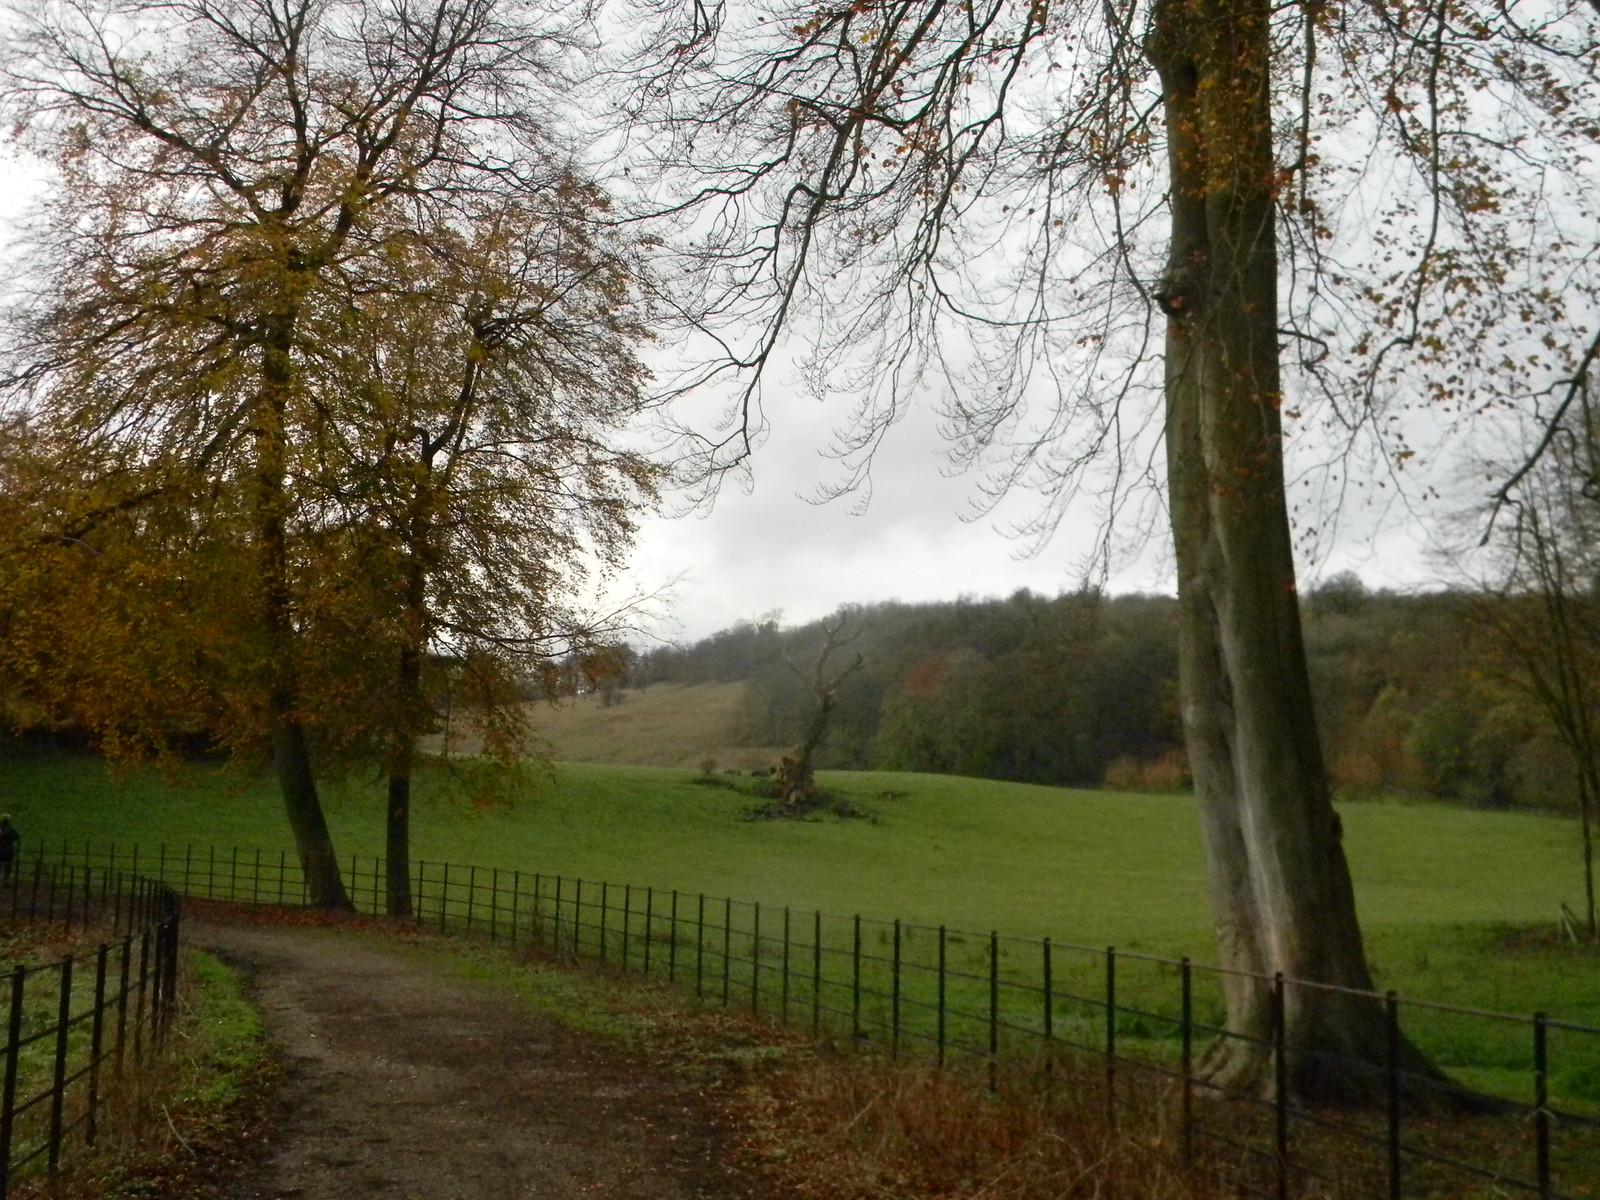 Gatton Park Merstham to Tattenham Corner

######

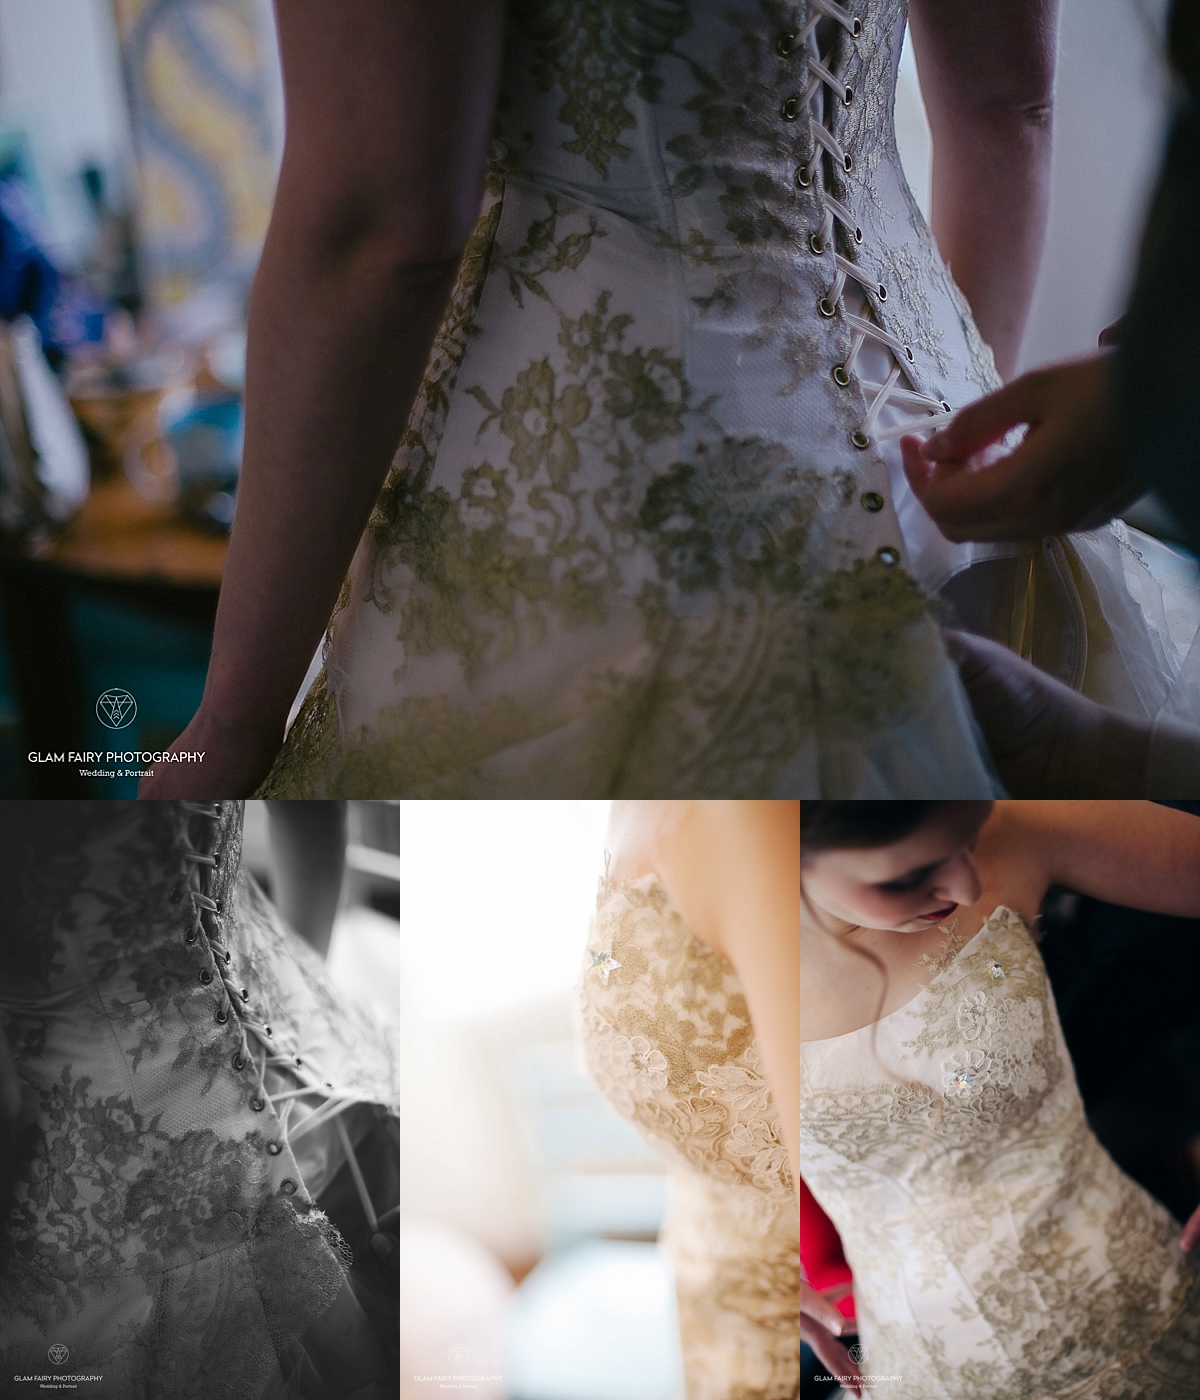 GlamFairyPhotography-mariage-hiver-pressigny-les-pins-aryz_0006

######

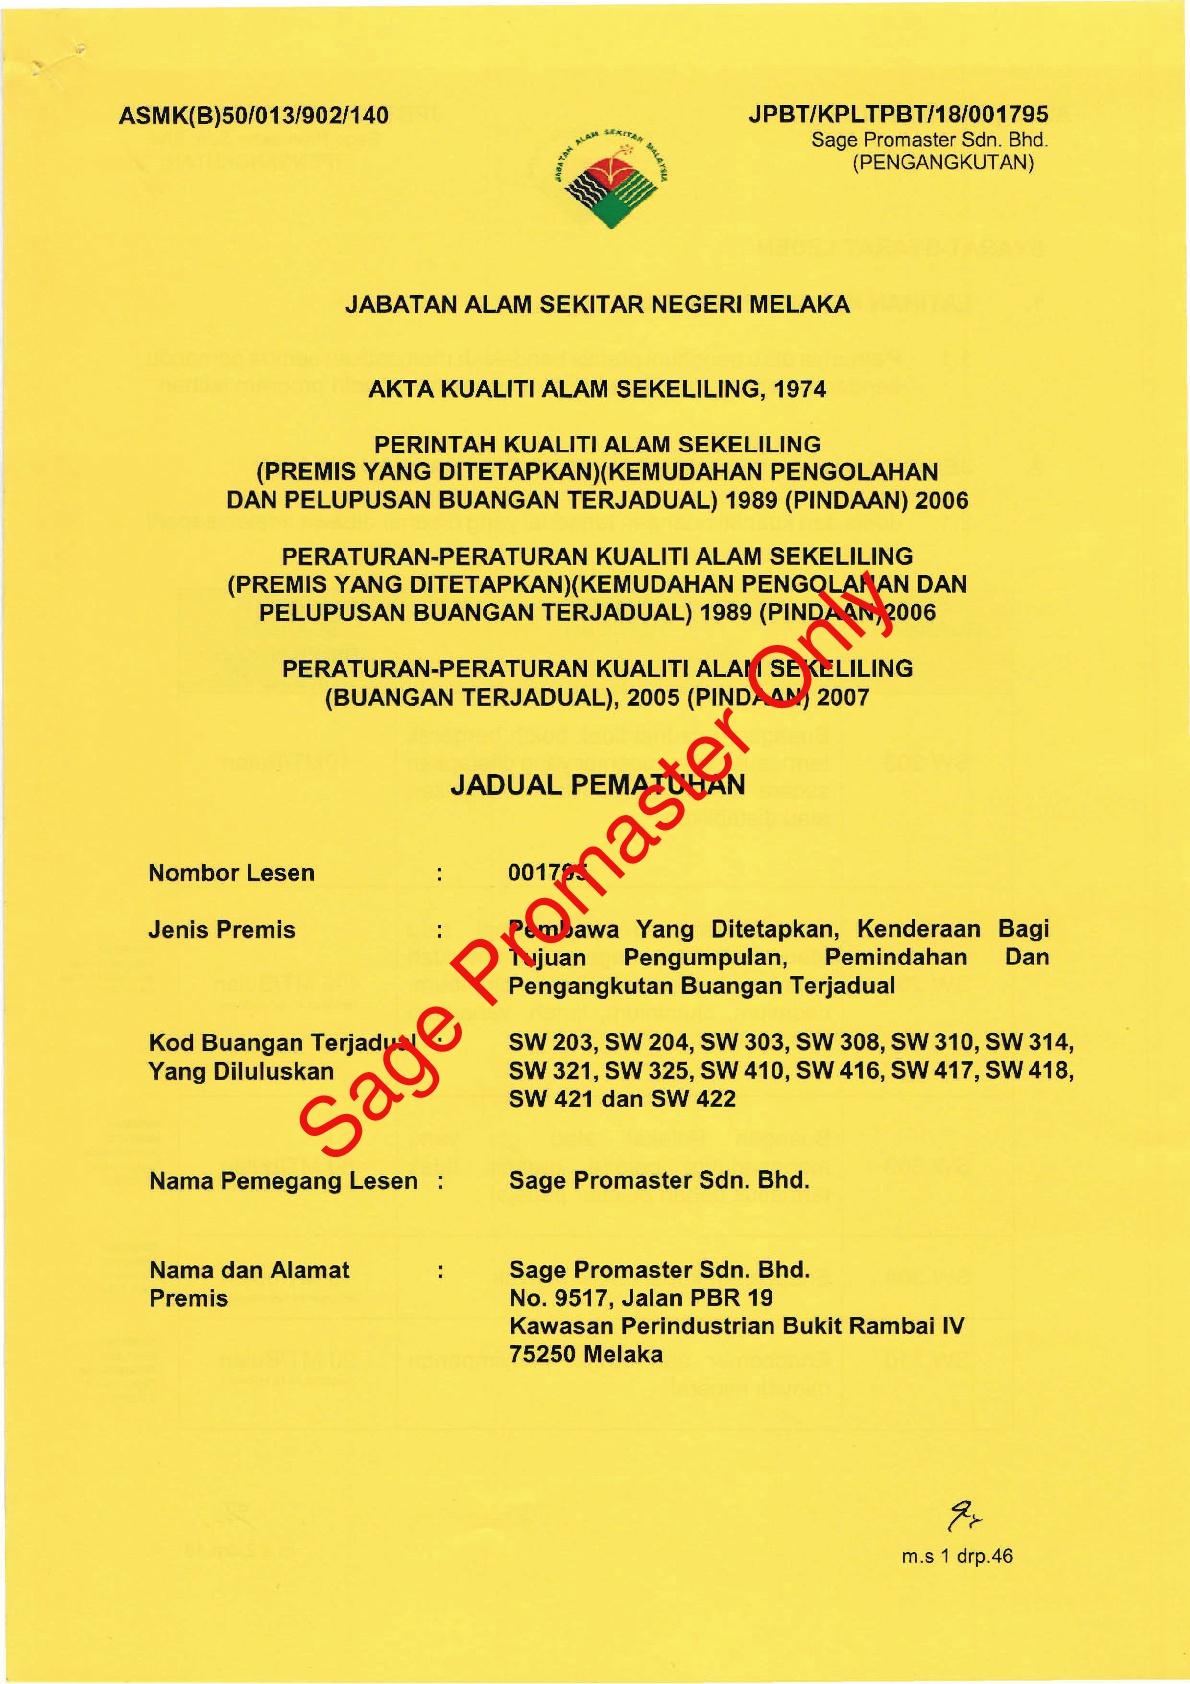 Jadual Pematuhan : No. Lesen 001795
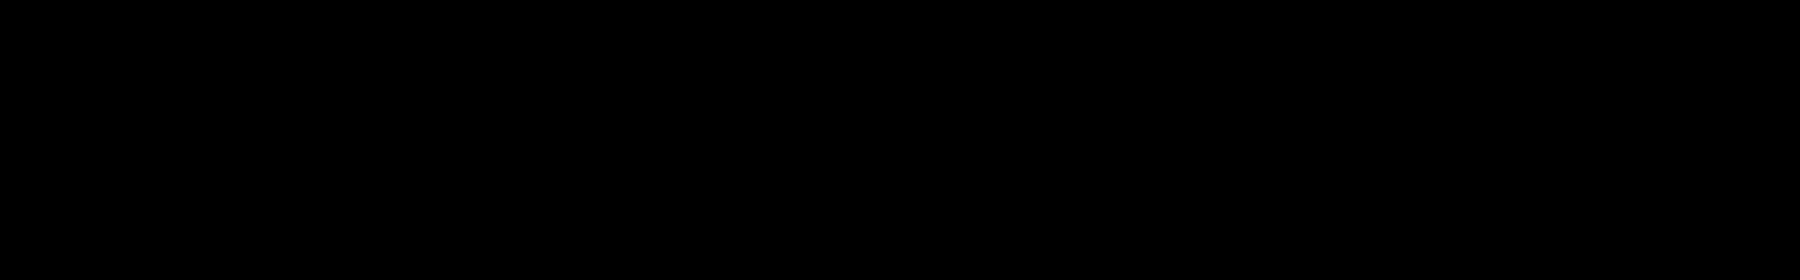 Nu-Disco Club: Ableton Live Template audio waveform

######

- **What to do**
What you return from the records above should be exactly everything from the line with "Jadual Pematuhan : No. Lesen 001795" down to the line with "Nu-Disco Club: Ableton", both kept, and no pictures.

- **Exercise result**
 Jadual Pematuhan : No. Lesen 001795
 Nu-Disco Club: Ableton Live Template audio waveform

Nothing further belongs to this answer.